Since the approval from the FDA and Health Canada for the TLC-2000 device in December 2015, the market adoption of the device has been slow and uneven. A couple of reasons could be attributed to this choppiness. Although the new generation device is updated and has the feedback technology, customers appear to be notoriously slow to adopt this device as they opt to wait until the wrinkles are ironed out. Feedback from current customers is that they are comfortable and happy with the current device; if they had recently purchased a new device then they do not intend to invest in another device immediately and/or the features of the TLC-2000 do not interest them enough. Further, they are skeptical of investing in a newer device that is also 1.5-2x more expensive than the TLC-1000 device. These reasons seem to indicate that the TLC-2000 is not attractive enough to consumers to drive upgrades. Although this comes as a disappointment to Theralase it could be temporary and the company plans to train and educate their sales team to help accelerate market adoption. We think as healthcare practitioners gain experience using the TLC-2000, adoption times are likely to shorten.
Health Canada requires biocompatible, mechanical and sterility testing of the fibre optic components of the TLC-3200 medical laser which is used to activate TLD-1433 that is absorbed into bladder cancer lesions. Theralase’s application (Investigational Testing Application - ITA) is almost ready for submission to Health Canada and expected to happen by mid-June 2016. Approval could be obtained by Q2 2016 if an expedited review status (15 days for response) is granted. Otherwise, a response is provided within 30 calendar days from the date of submission. Enrollment in the Phase Ib NMIBC clinical trial at UHN will commence immediately following ITA approval. This could happen by end of July 2016.

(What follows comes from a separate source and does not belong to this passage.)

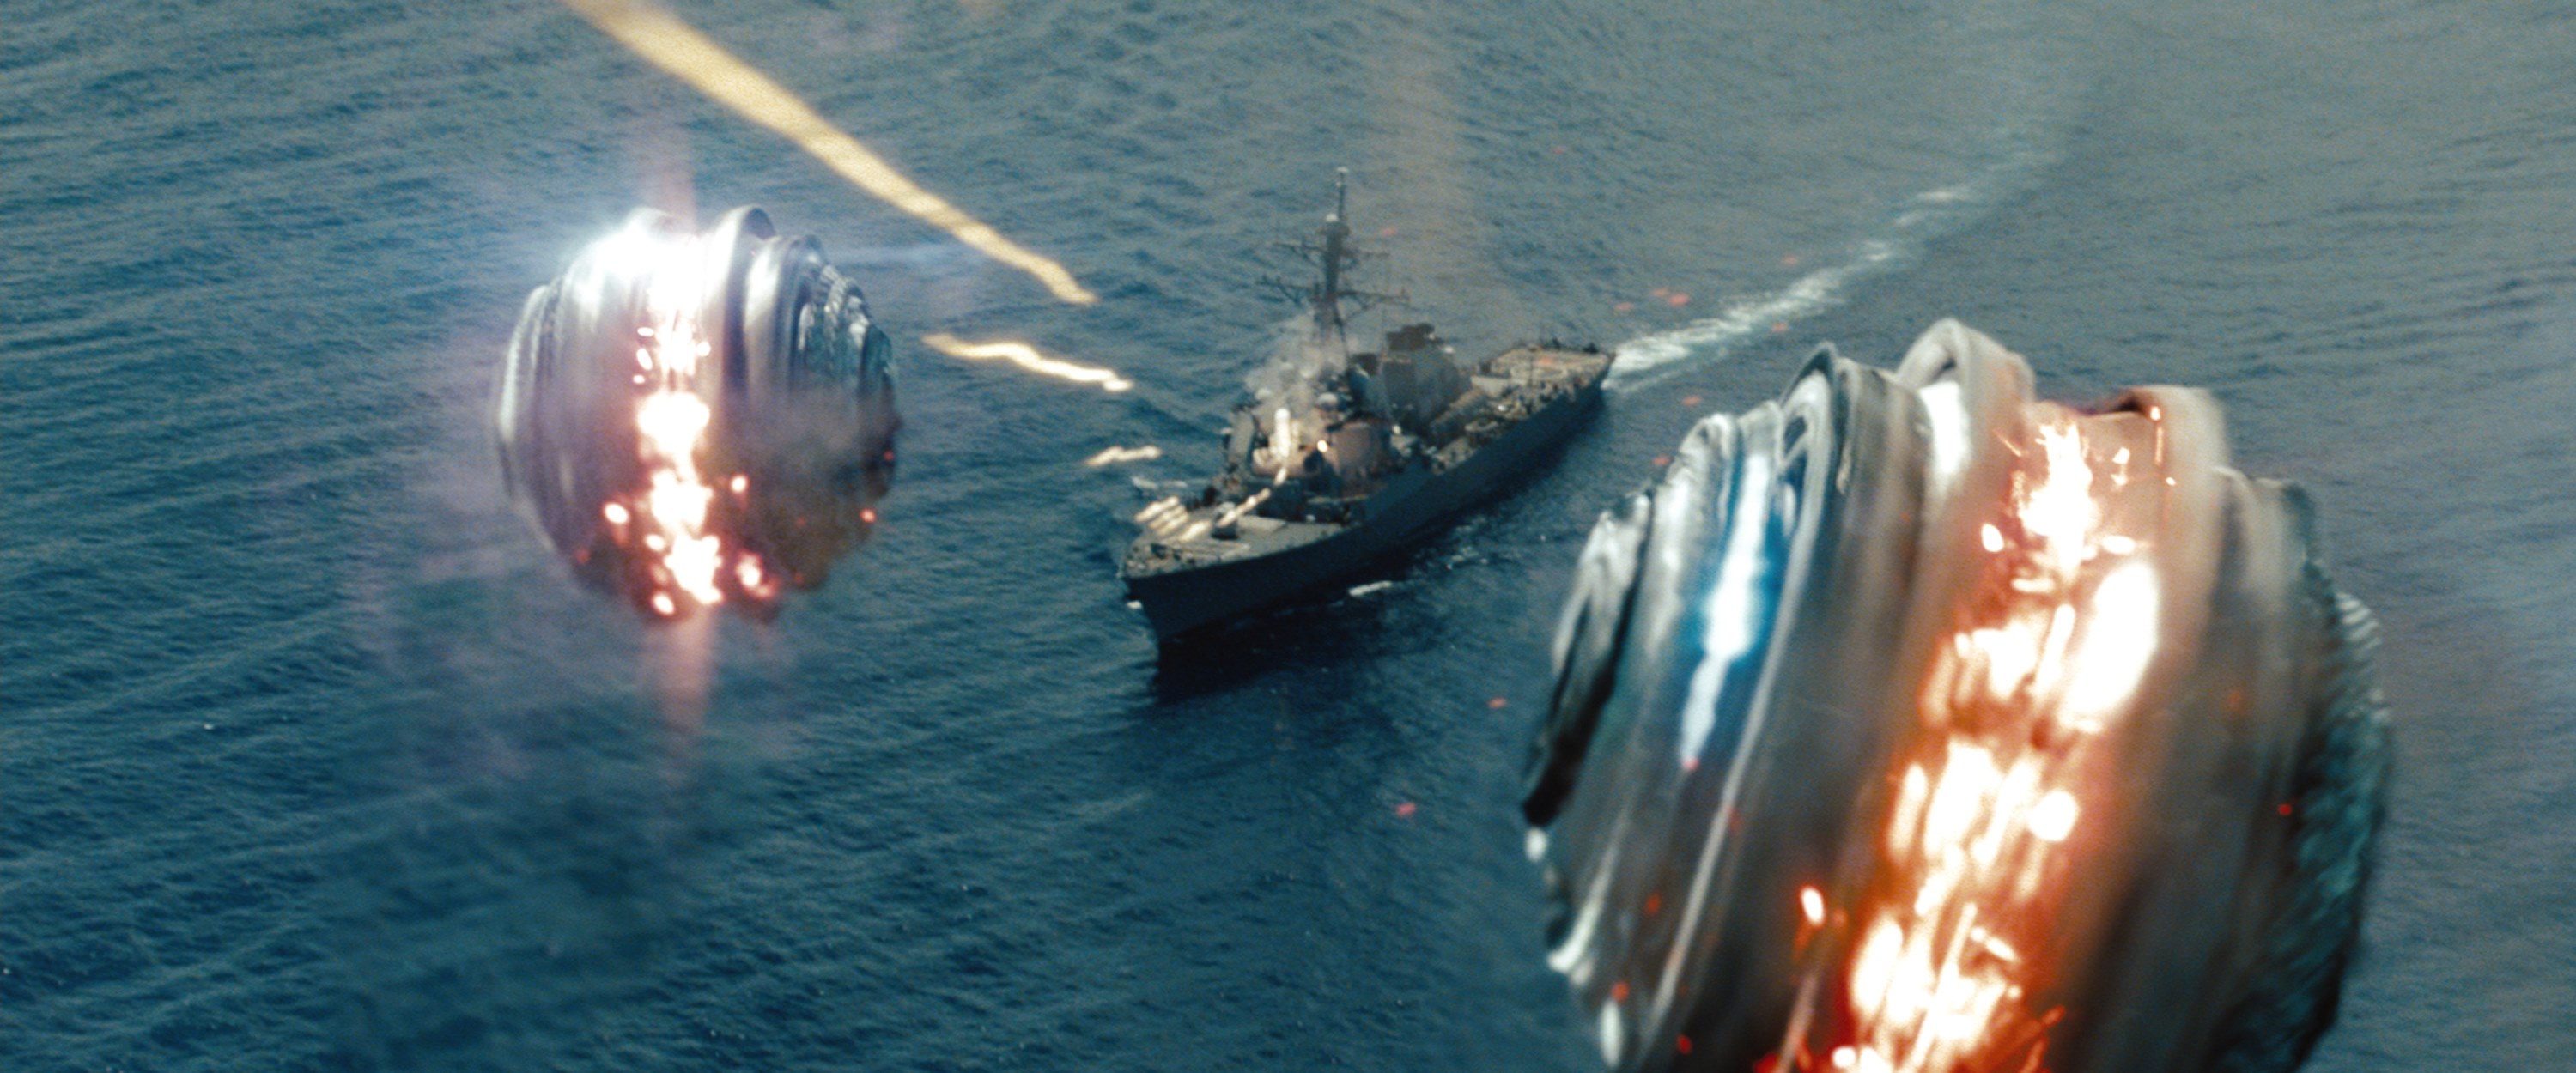 Battleship Movie Image

In the Phase Ib NMIBC clinical study, the bladders of three patients will be instilled with a low dose of TLD-1433 drug and then light activated using the TLC-3200 medical laser. These three subjects will be monitored for 30 days to ensure safety and tolerability of the procedure. If no adverse events are reported, then an additional six subjects will be enrolled into the study who will be instilled with a high dose of TLD-1433 followed by light activation. They will be monitored for six months. If safety and tolerability of the procedure is demonstrated in all of the nine subjects, the Phase Ib study results will be used to support Health Canada approval and a Phase II multi-center efficacy study for NMIBC will commence in Q2 2017 in Canada, the U.S. and Europe.
Valuation
We have updated our financial model following Q1 2016 numbers as well as management’s guidance. The choppiness in our revenue forecast for 2016 and 2017 is based on the expected gain from the newly hired sales force and the variability in seasonal sales. We expect sales of the TLC-2000 device to pick up steam in 2H 2016 and anticipate Theralase to show improved performance on net income and cash flow from commercialization of the TLC-2000 device in the coming years. Our fundamentals and outlook on Theralase remain intact.